PHOENIX (Reuters) - Five sets of skeletal human remains have been discovered hidden in unusual circumstances in Arizona's remote desert in an area used as a smuggling corridor with Mexico, and investigating authorities said on Friday they have not ruled out foul play.
The Pima County Medical Examiner said U.S. Border Patrol agents discovered the remains, partially covered by rocks, on Tuesday near the town of Sells on the Tohono O'Odham Reservation, about 130 miles south of Phoenix.
"It's not a typical migrant death site. Usually that's people laying under a tree because it got too hot, and they're on the surface of the ground and nobody tried to bury them," Chief Medical Examiner Gregory Hess told Reuters.

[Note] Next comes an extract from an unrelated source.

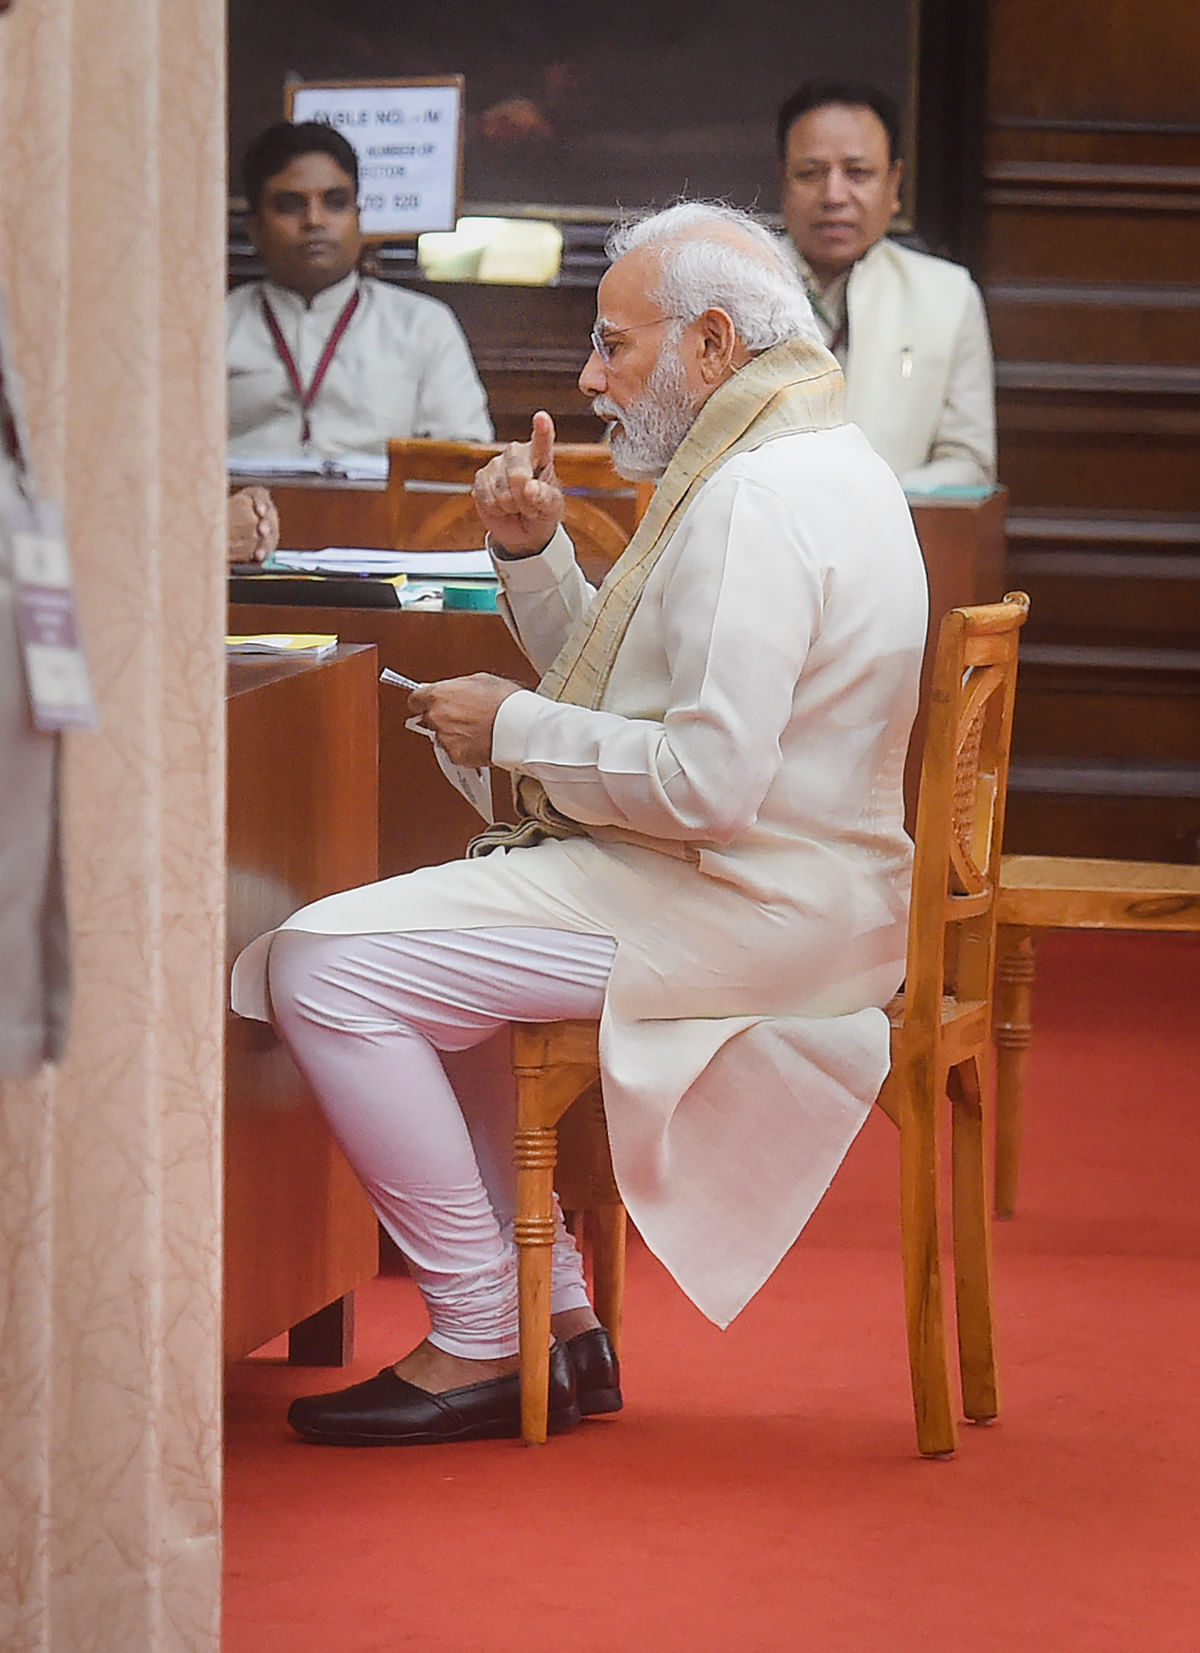 <div class="paragraphs"><p>Prime Minister Narendra Modi casts his vote for the election of the Vice President, at Parliament House in New Delhi, Saturday, 6 August, 2022</p></div>

"The remains were partially covered with rocks and we're not sure if that's an attempt to hide (them) or if somebody just buried them there for some other reason ... or whether or not that indicates foul play or what's going on,"

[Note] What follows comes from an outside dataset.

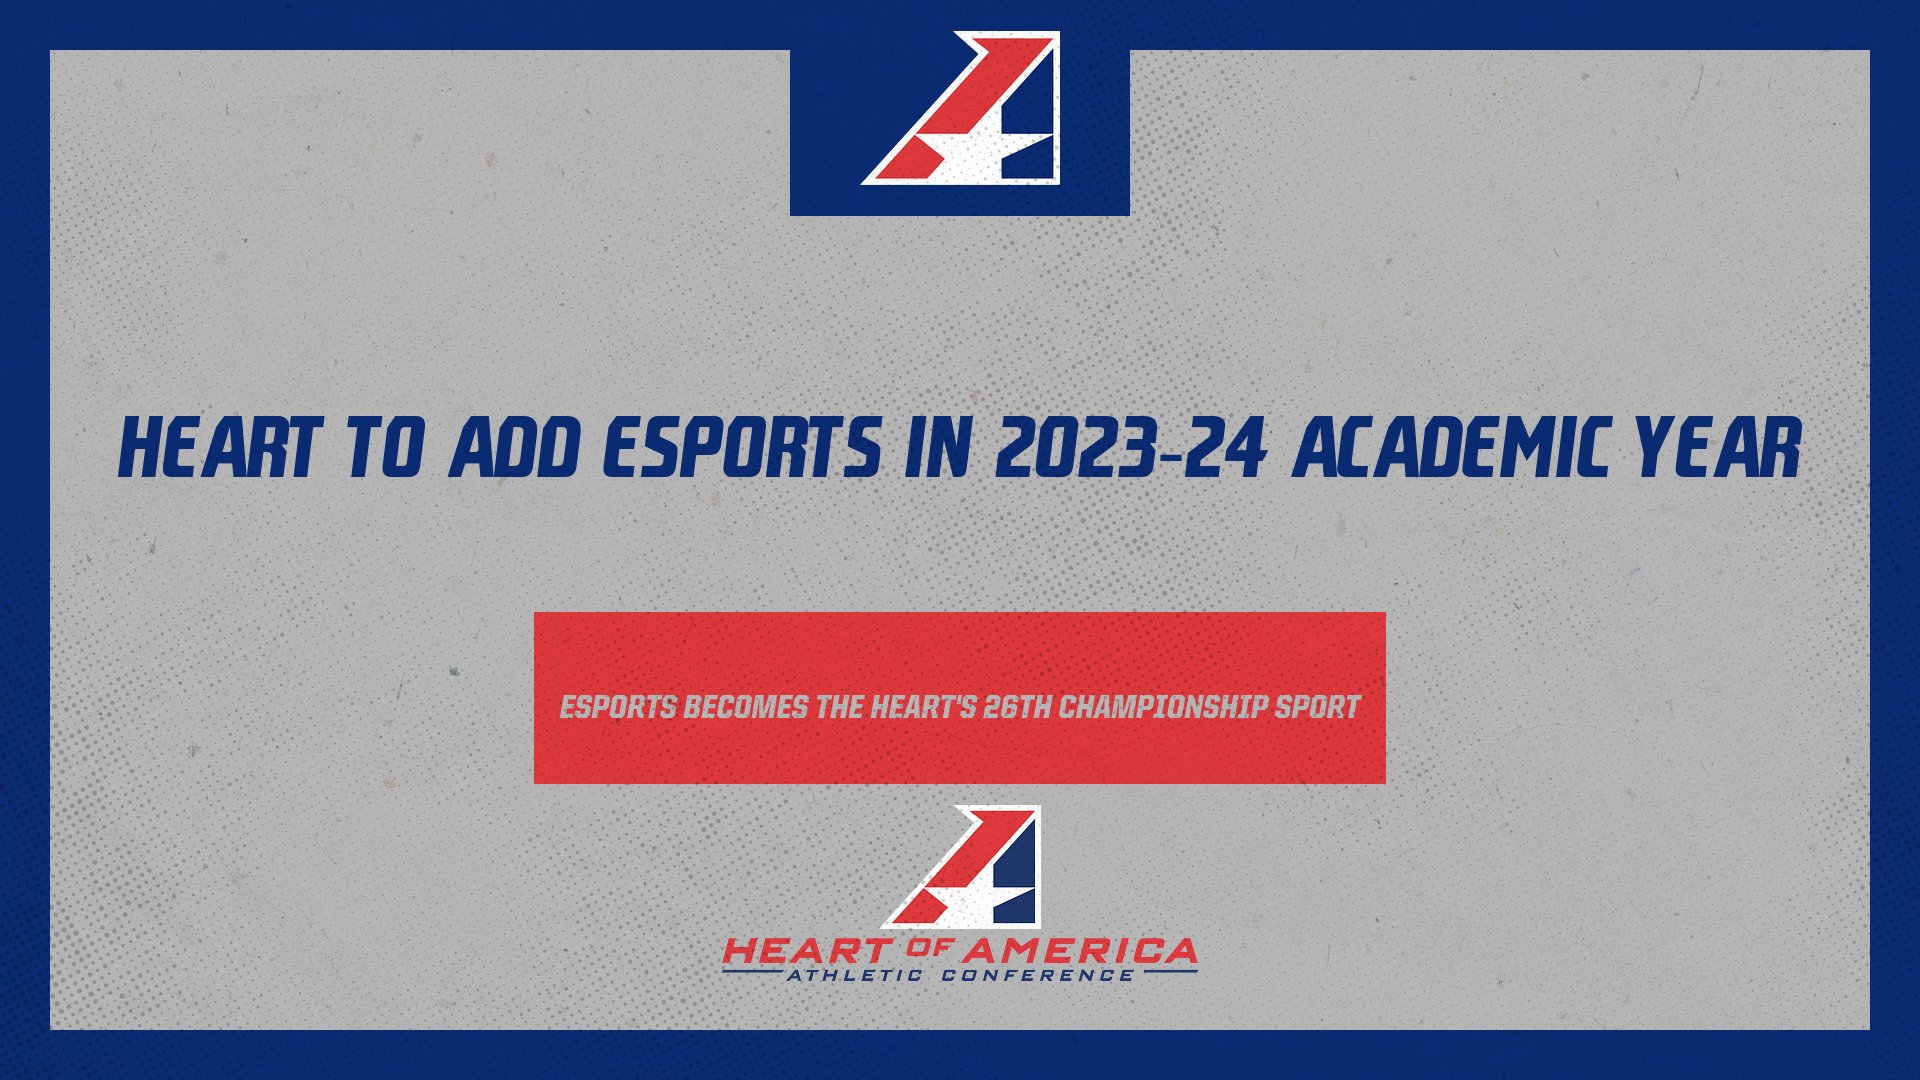 St. Ambrose to join Heart of America Conference in Esports

The Tohono O'Odham Police Department, which is the leading the investigation, did not immediately return a call seeking comment. The Tucson sector Border Patrol confirmed the discovery but declined further comment.
Arizona straddles a well trafficked corridor for human and drug smugglers from Mexico. While border crossers' deaths are common, mostly caused by heat exposure in the summer months, the circumstances in which these remains were found were not typical of border crosser fatalities, Hess said.